▸ DIRECTIONS:
Reproduce the data exactly and drop any pictures it holds.

▸ INPUT DATA:
==================================================

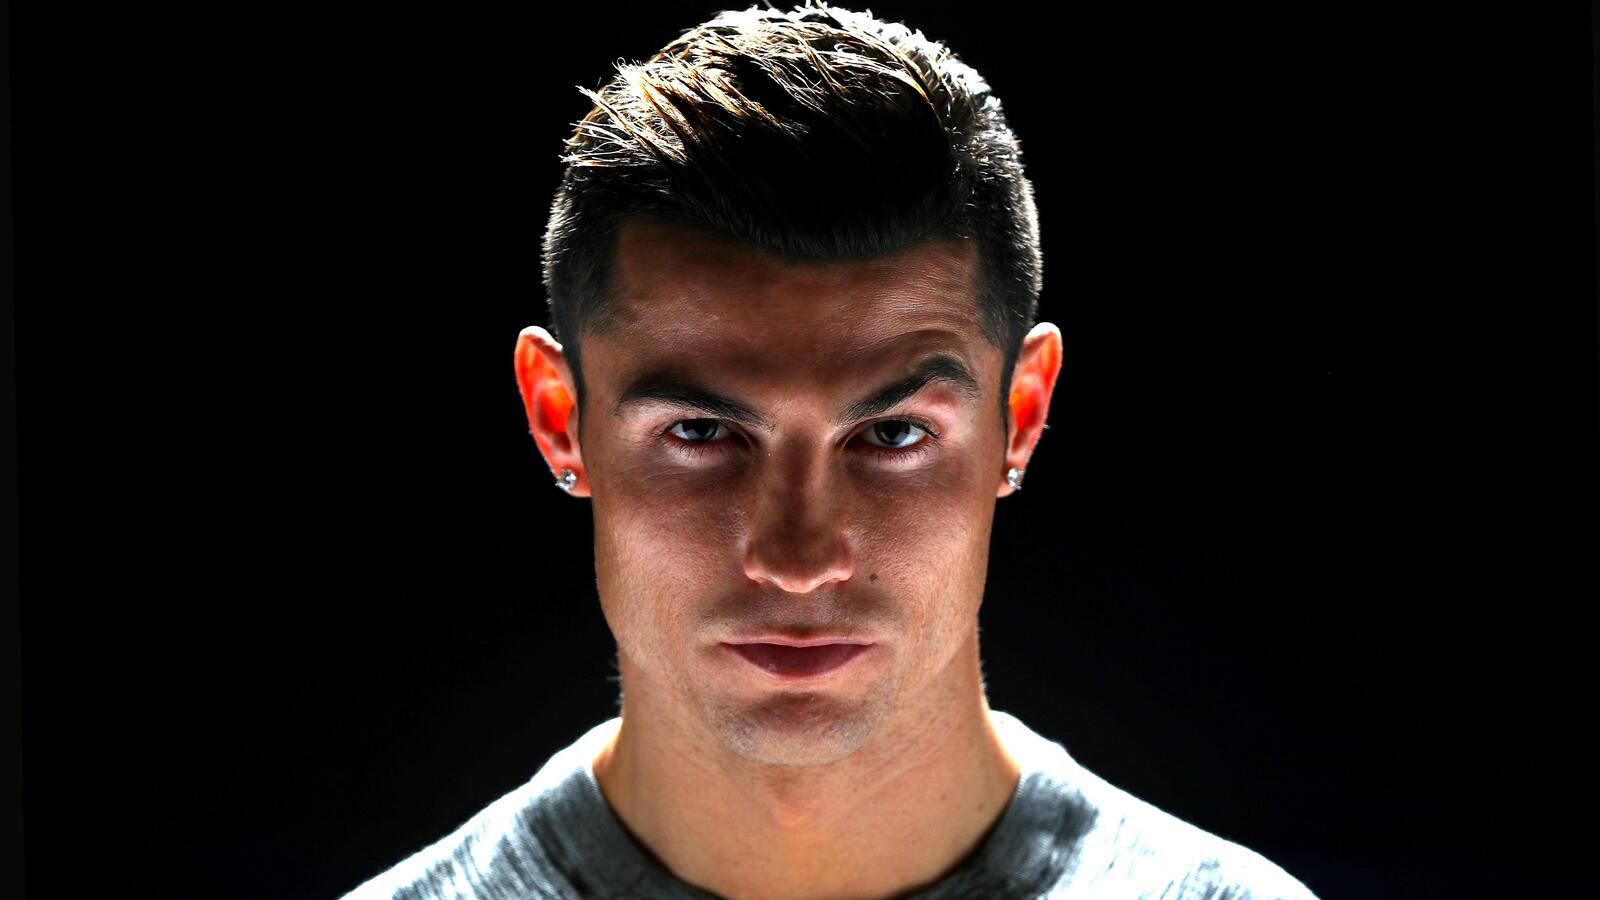 Wallpapers Cristiano Ronaldo face portrait earrings on the desktop
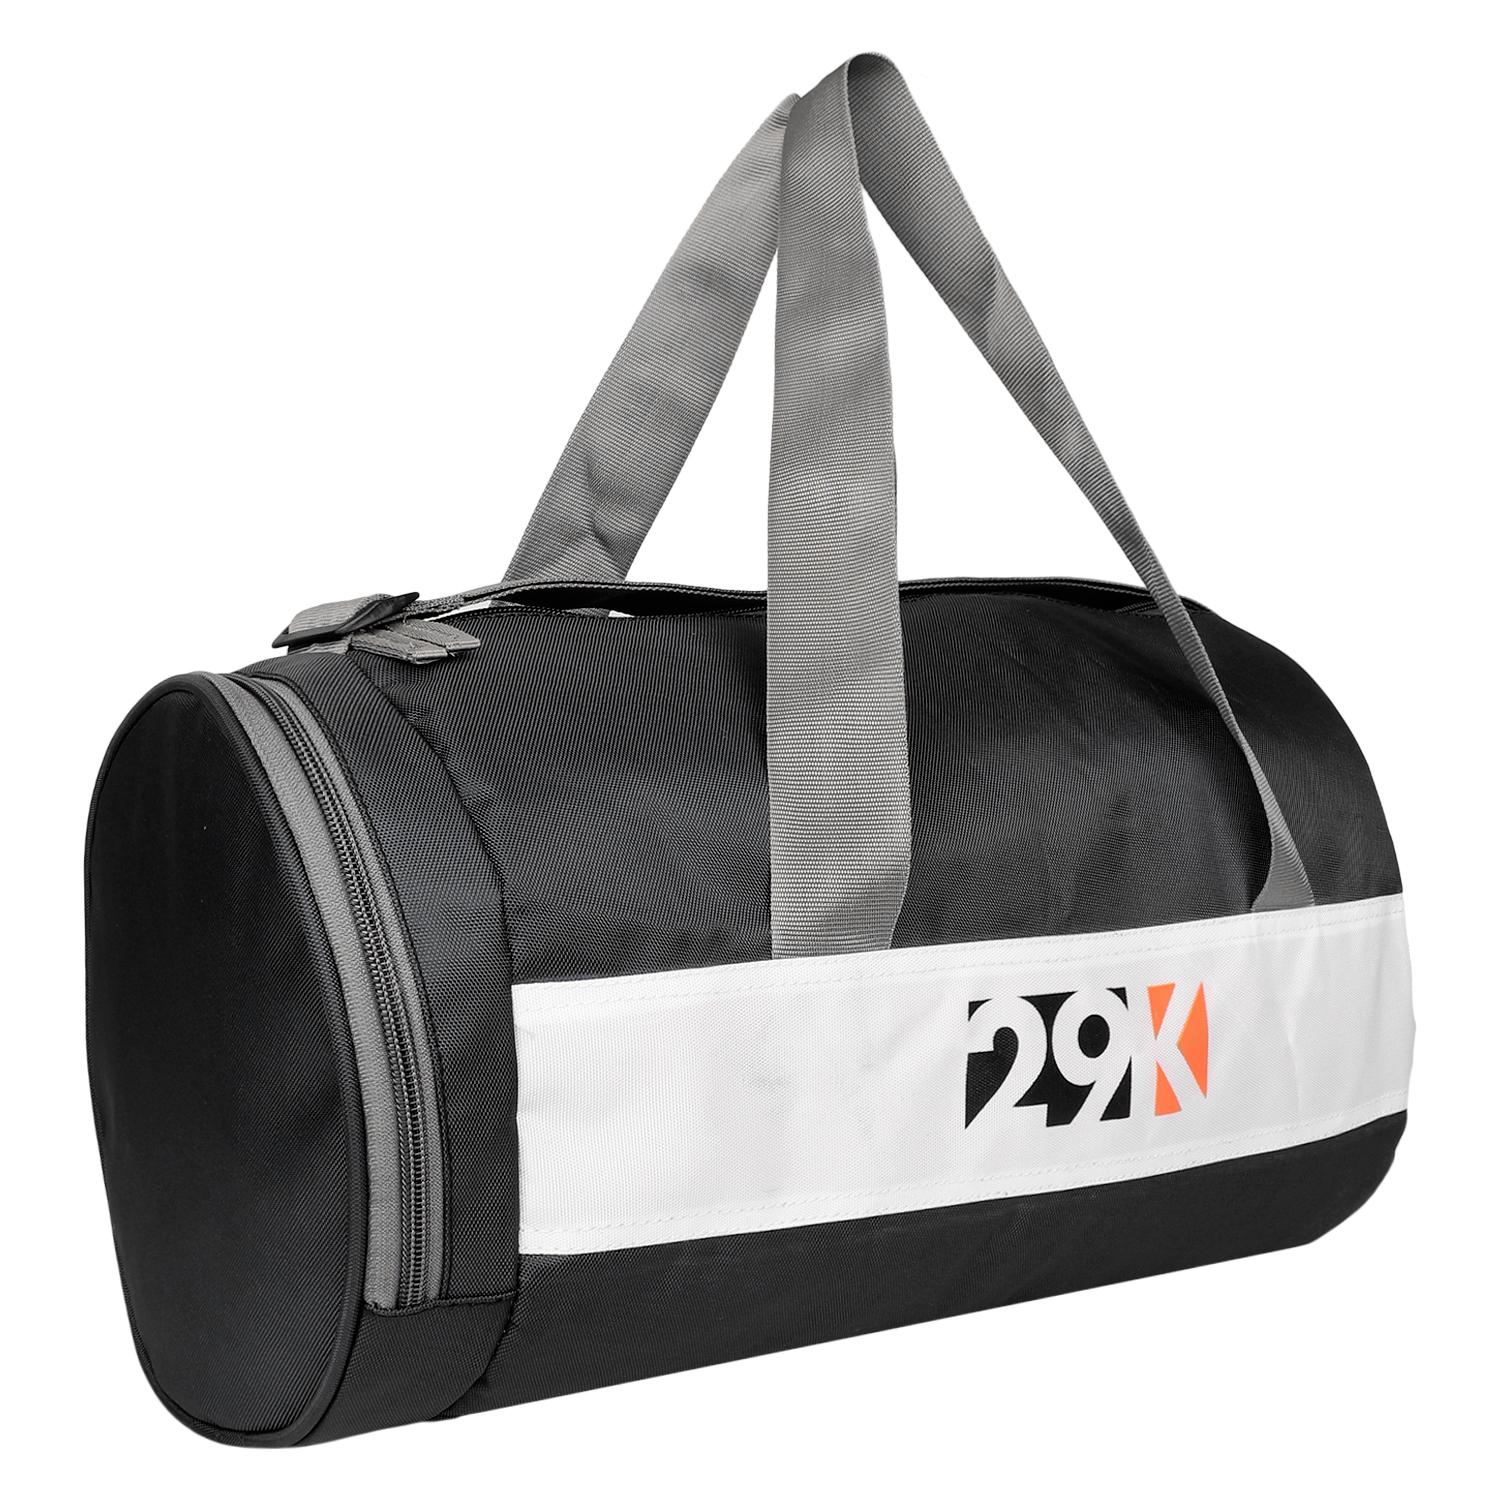 Buy 29K Black Sporty Gym Bag Online @ ₹1299 from ShopClues
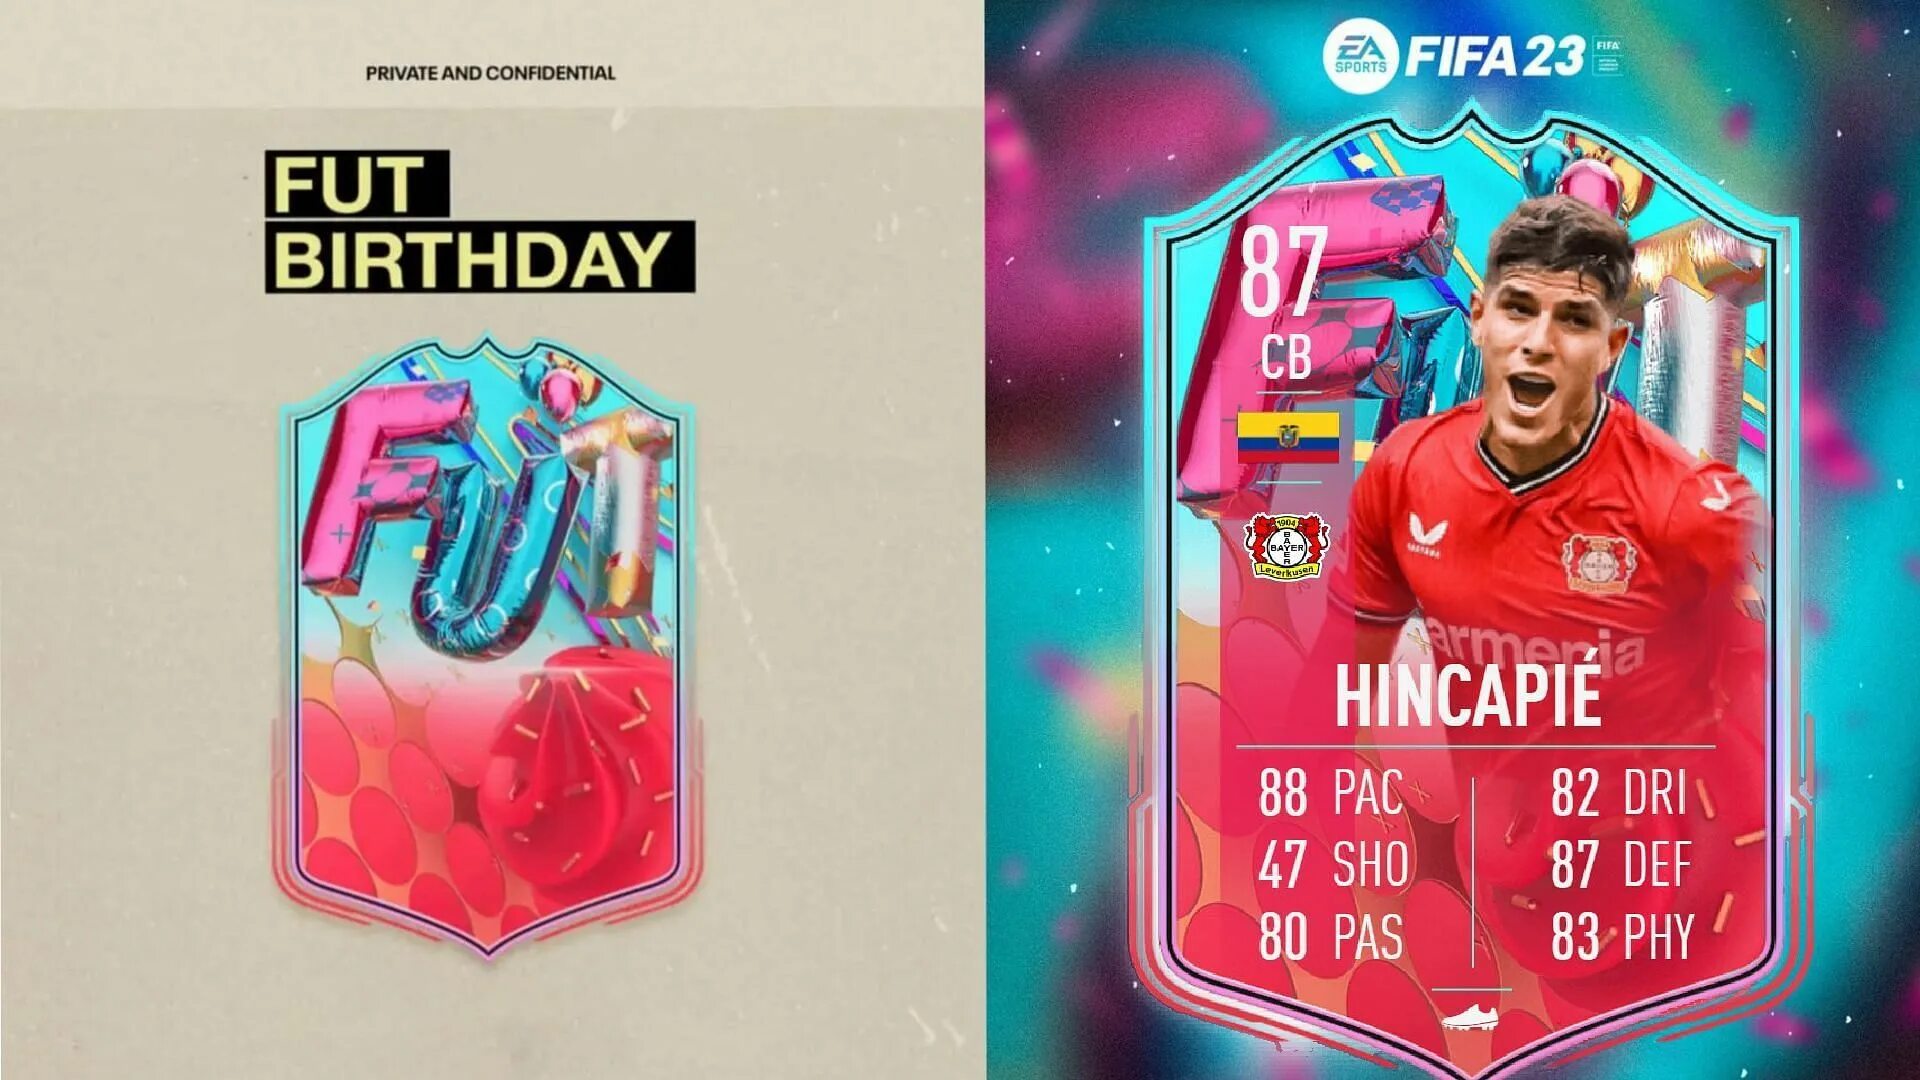 Fut birthday. ФИФА 23. Карточки FIFA 23. FUT Birthday FIFA 23. Карточка ФИФА пустая.

==================================================

▸ EXERCISE OUTPUT:
 Wallpapers Cristiano Ronaldo face portrait earrings on the desktop
 Buy 29K Black Sporty Gym Bag Online @ ₹1299 from ShopClues
 Fut birthday. ФИФА 23. Карточки FIFA 23. FUT Birthday FIFA 23. Карточка ФИФА пустая.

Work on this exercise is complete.